En Chile, cerca de 1 millón 100 mil personas ganan el salario mínimo de 276.000 pesos (alrededor de 410 dólares). Los jóvenes trabajadores son más propensos a recibir ingresos iguales o inferiores al mínimo legal. Para estas personas, los 7 mil pesos representan al menos el 2,7% de su salario bruto. El monto, además, es casi el mismo que se considera como asignación familiar por hijo para quienes se ubican en este tramo de ingreso, y es $1000 superior al alza del salario mínimo entre 2017 y 2018. En una familia de tres o más personas, el salario mínimo es inferior a la línea de la pobreza y es a penas suficiente en familias de 2 personas. Se puede inferir, por tanto, que las personas cuyo ingreso bordea el salario mínimo tienen aún gastos pendientes en su presente. Todavía más, en un país donde existen más deudas que trabajadores, muchos tendrán la necesidad de cubrir deudas antes de guardar el dinero para el futuro.  

Algunos dicen que lo importante es, en lugar del salario mínimo, considerar el ingreso mediano, que según datos del INE es de 379.000 pesos (571 USD). La mitad de los chilenos y chilenas gana menos que esa cifra, la otra mitad gana más. Para la mitad de los chilenos, entonces, sus ingresos se verán aumentados en el mes de agosto en 1,8% o más, en circunstancias en las que el costo de la vida en una ciudad como Santiago, es de $685.3681 según la misma institución.  

La “decisión racional», entonces, de ahorrar voluntariamente esos 7 mil pesos, no es realmente una opción para personas que aún deben conseguir ingresos extra para cubrir necesidades básicas, que les permitan una calidad de vida adecuada por sobre la alimentación y el techo.  

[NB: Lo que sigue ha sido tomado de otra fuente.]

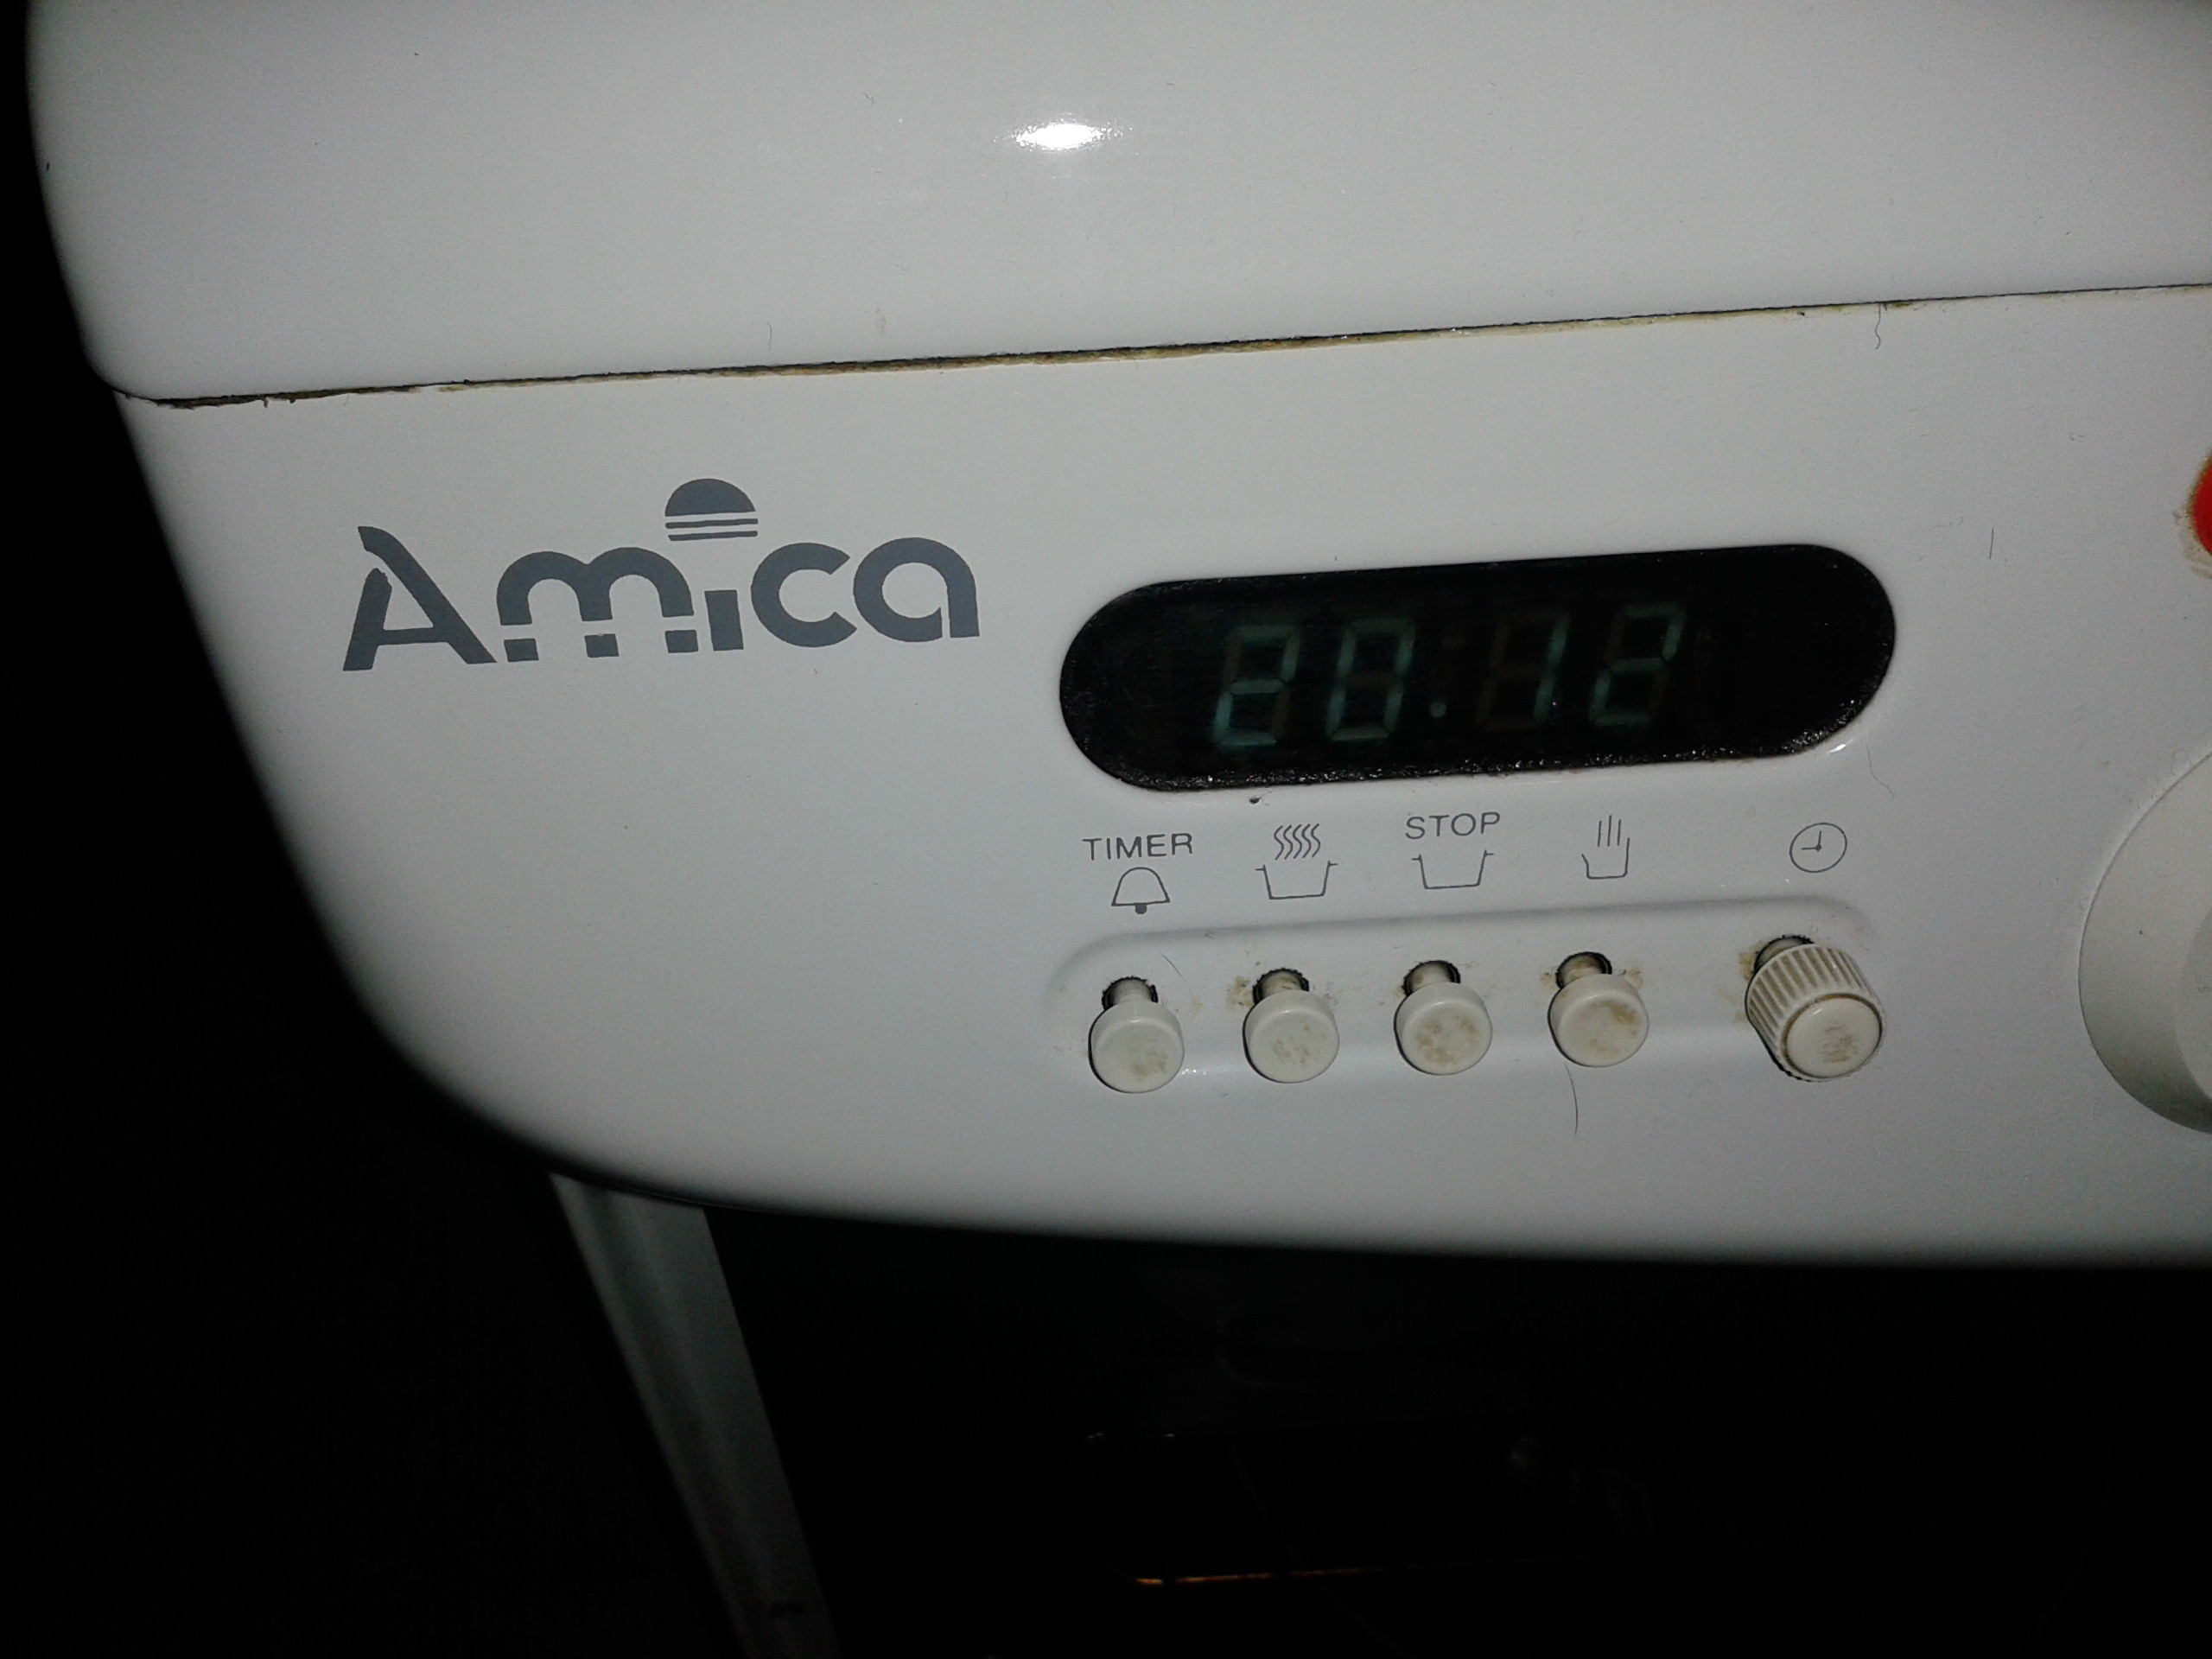 Kuchenka Amica  zapytanie o model  elektroda pl -> Kuchnie Amica Modele

Una mayoría de chilenos y chilenas no puede “actuar racionalmente” o, mejor dicho, tiene una racionalidad distinta, centrada en lo inmediato. Usualmente la inmediatez se considera como un “sesgo hacia el presente” o así se ha tratado, por ejemplo, en el Laboratorio de Ahorro para la Vejez del Banco Interamericano de Desarrollo. Cabe preguntarse si efectivamente puede pensarse como sesgo, como falta de racionalidad, la incapacidad material de las personas de guardar dinero que no tienen frente a las necesidades de consumo que ya existen a su alrededor. La discusión sobre los 7 mil pesos debe dar paso a una discusión seria sobre las expectativas que los expertos tienen sobre las personas, sobre la verdadera condición de una mayoría de personas en el país que perciben ingresos insuficientes, y los efectos de esta condición, no sólo para la capacidad de ahorro y gasto, sino para la economía y la sociedad en su conjunto.